5. How does target risk explain risky behaviour? What is some evidence for this concept?
6. What is Shared Space, and how does it reduce the risk of collisions?
H. W. Heinrich (1931): Industrial accident prevention: A scientific approach
- worked for Travelers Insurance Company
- analyzed over 550,000 workplace incidents
- observed a constant ratio between fatal/major injury incidents, minor injury incidents, and near-miss/no injury incidents of 1:29:300 (Heinrich’s Law, Heinrich’s Ratio, or Heinrich’s ________ ________)
- promoted ___________-_____ safety:
• 88% of industrial accidents were caused by unsafe acts
• 10% by unsafe conditions
• 2% were unavoidable
- claimed that analyzing the more-frequent, less-severe incidents can identify factors that will reduce major incidents
- criticisms (Anderson & Denkl, 2010):
Heinrich's ratio is difficult to replicate
too much blame placed on front-line workers (and not, say, management policies)
reducing common/no injury incidents will not necessarily reduce rare/serious incidents
Charles Perrow (1999): Normal Accident Theory
- normal accidents: occur in highly developed technological systems when failure of one component interacts with others, causing a cascading disaster
- caused by three factors:
1. high __________ of interactions (compared to a linear system that behaves predictably)
e.g., the space shuttle was the most complex flying machine ever built, with over 2.5 million parts
2. tight ________: lack of slack or buffer between highly interdependent components
e.g., semiconductor shortage → decrease in vehicle production due to its tightly coupled supply chain
3. ____________ potential
e.g., release of toxic gas that killed and injured thousands of people around Bhopal, India
- criticisms:
too deterministic: if accidents are inevitable, why aren’t there more of them?
cannot predict when or where failure may occur
complexity and coupling may not be independent dimensions
Davis & Pless (2001):
- editors of the British Medical Journal banned inappropriate use of the word “________”

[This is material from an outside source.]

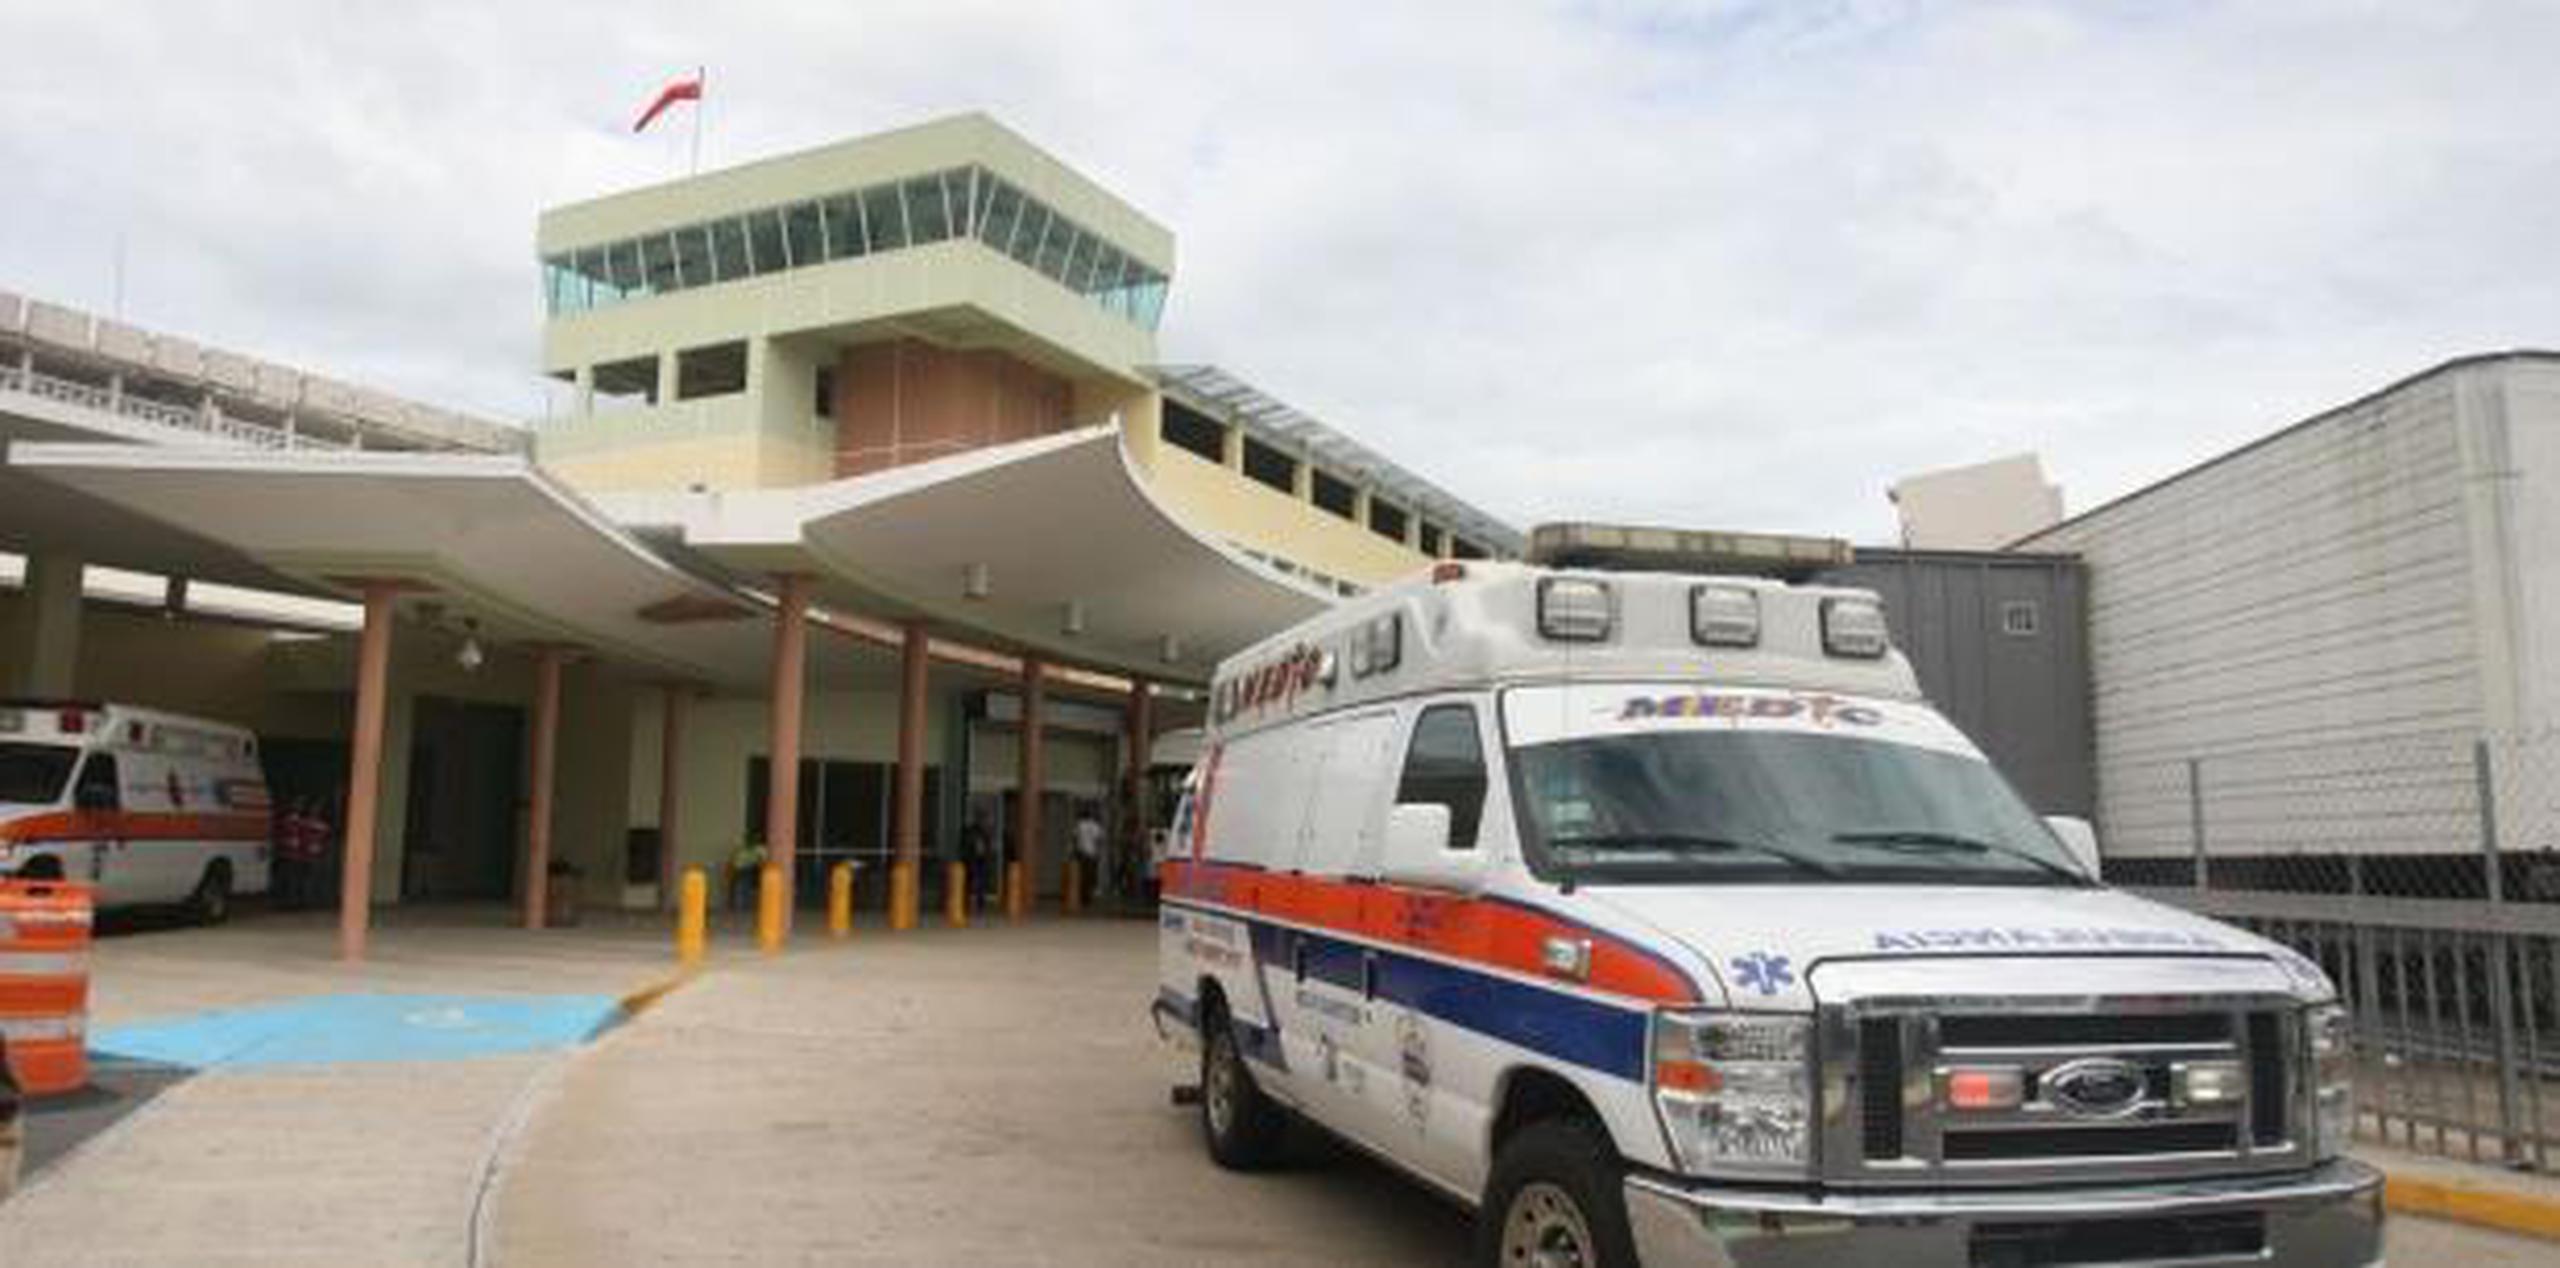 La alcaldesa dijo que “no se afectan los servicios a la ciudadanía de San Juan” porque algunas de las 10 salas del hospital “no se estaban usando a toda capacidad”. (Archivo)

- most injuries are predictable and preventable, whereas true accidents are unpredictable, and therefore unavoidable
- however, “accident” is still used in the World Health Organization’s International Classification of Diseases (ICD-11): External causes of morbidity or mortality (WHO, 2023)
Michael S. Wogalter (1994):
- to increase safety:
1) remove hazard, 2) guard against hazard, 3) have proper training, 4) post warnings
- critical elements of warnings:
• ______ word (“DANGER”)
• description of ______ (“high voltage lines”)
• description of ____________ (“electrocution risk”)
• ____________ (“do not touch”)
- factors influencing effectiveness of warnings:
warning information |
attention |
_____________ |
beliefs/attitudes |
motivation |
__________ behaviour |
e.g., drinking and driving seen as a threat to personal safety by 81%, but 20% do it (NHTSA, 2010)
Zeitlin (1994): Why don’t people follow safety instructions?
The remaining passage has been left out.